Jasper Weiss:
> 
> 
> On Thursday, June 9, 2016 at 3:49:55 PM UTC+2, entr0py wrote:
>>
>> More importantly, Tor Browser will only make you "anonymous" relative to 
>> other Tor Browser users, not relative to the general population as a whole. 
>> A browser width of 1000 if likely *unique* to Tor Browser since many 
>> websites these days will use 1200+ pixels to draw optimally, and any 
>> "normal" user would expand the width of their browser. 
>>
> 
> I know, but since there are so many Tor users that's a large group to hide 
> in. My laptop for example has a more obscure screen resolution of 1366x768. 
> So it makes sense to use a default that may be unique to the Tor browser, 
> but *is* the same among all Tor browsers.
>  

The point of my previous post was that Tor Browser resolution is *not* the same 
among all Tor Browsers. The reason your Tor Browser defaults to 1000x600 at 
startup is precisely because your screen resolution is 1366x768 (my first guess 
was 1280x720 but that might drop you to 1000x500). 1000 is the max width and 
600 is the max vertical your screen resolution supports (when you take into 
account taskbars, menu bars, tab bars, etc.) One guy turned his 1920x1200 
monitor sideways, which basically meant he was using a unique browser. Even 
more dangerous is the fact that you can resize your Tor Browser to any unique 
value that you want (fix in progress: 
https://trac.torproject.org/projects/tor/ticket/14429).

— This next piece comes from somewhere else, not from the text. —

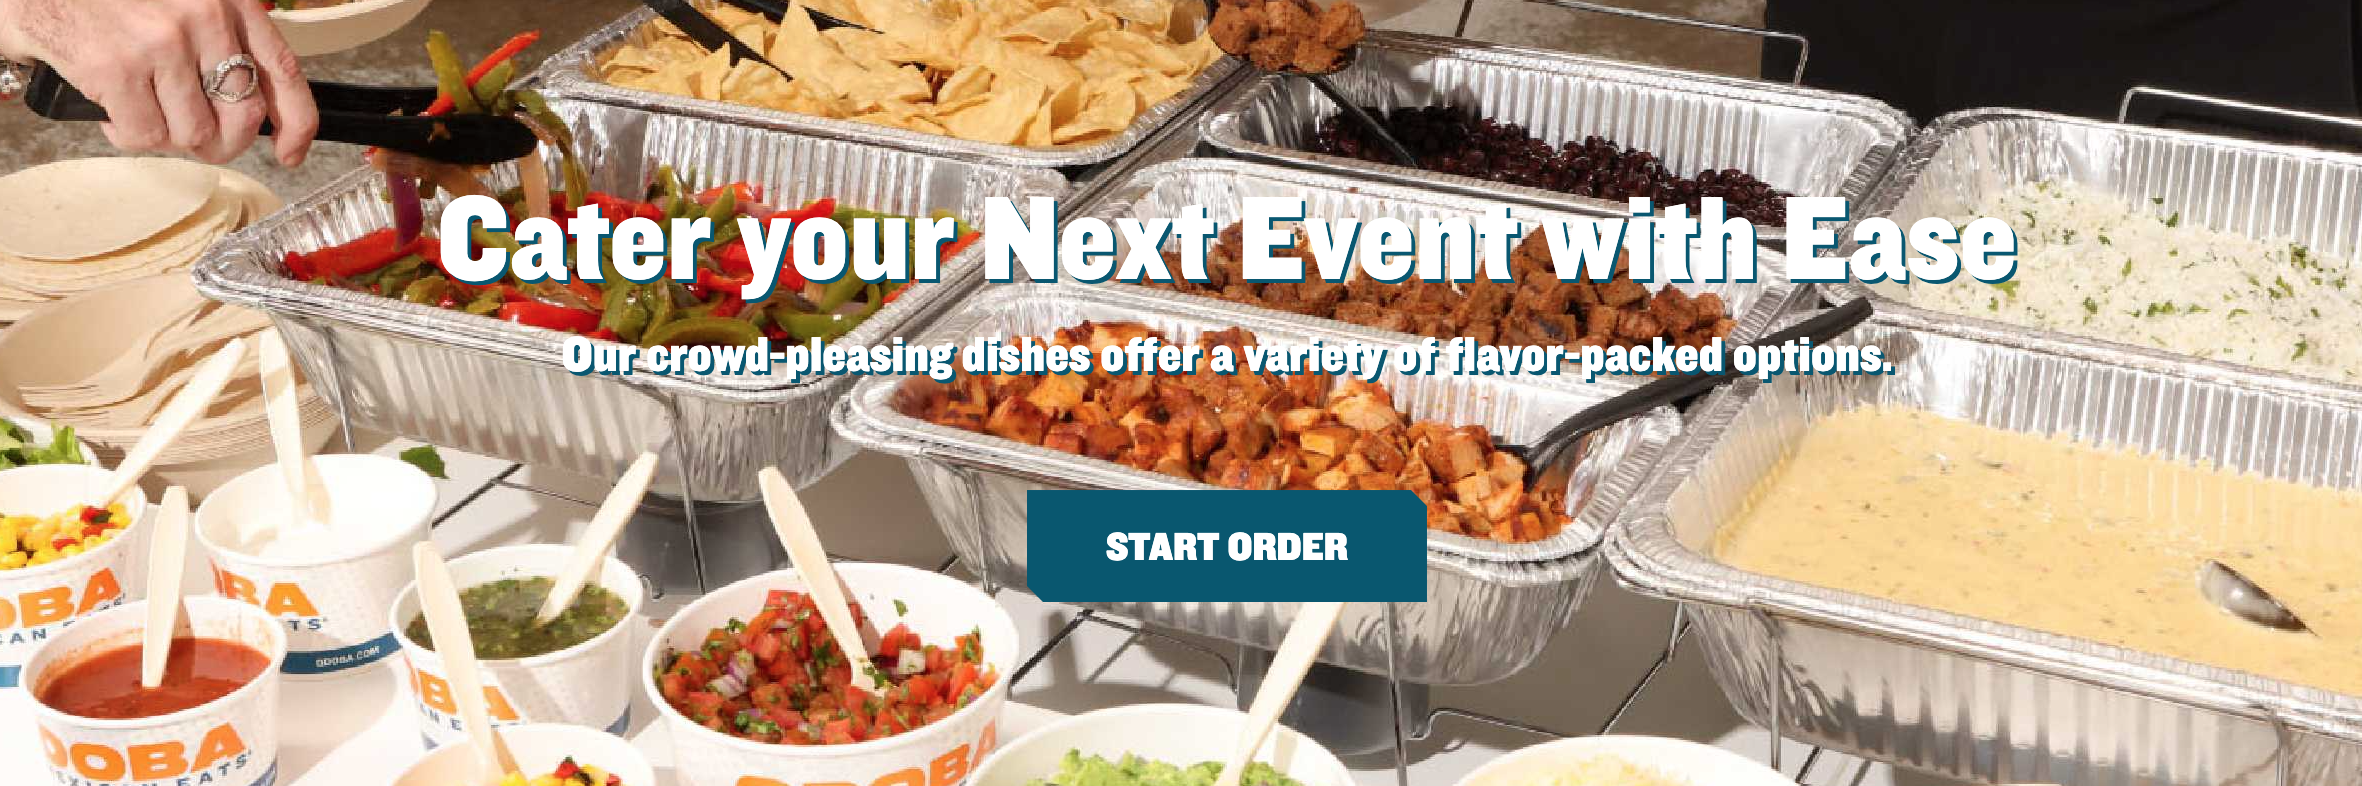 Cater with QDOBA

As long as https://github.com/QubesOS/qubes-issues/issues/1856 still produces 
multiples of 200x100 screens, then it's more of an annoyance rather than a 
catastrophic bug. Instead of being lumped together with the Tor Browser users 
you were expecting, you're be grouped with other Tor Browser users instead. 
(Still useful to know why it happens though.)

> 
> Of course it would be so much easier if one could just have an 'insider 
> look' at the NSA so we know exactly what they're using to track Tor users 
> :) Passive timing correlation seems somewhat far fedged to me since nodes 
> are scattered across the globe. hacking into the endpoint seems most 
> plausible but that doesn't work so well on Whonix..
> 

Not that far-fetched - it's the motivation behind persistent entry guards. 
Nodes may be scattered across the globe but your packets are being streamed 
through one circuit at a time - each packet doesn't route randomly all over the 
world. The packets in each of your streams can be correlated. Also, no one 
needs to hack into your machine. While you may have your machine locked down 
and airtight, do you share the same confidence about your ISP? Your ISP is one 
of your endpoints too :) (They might even be a cooperative endpoint.)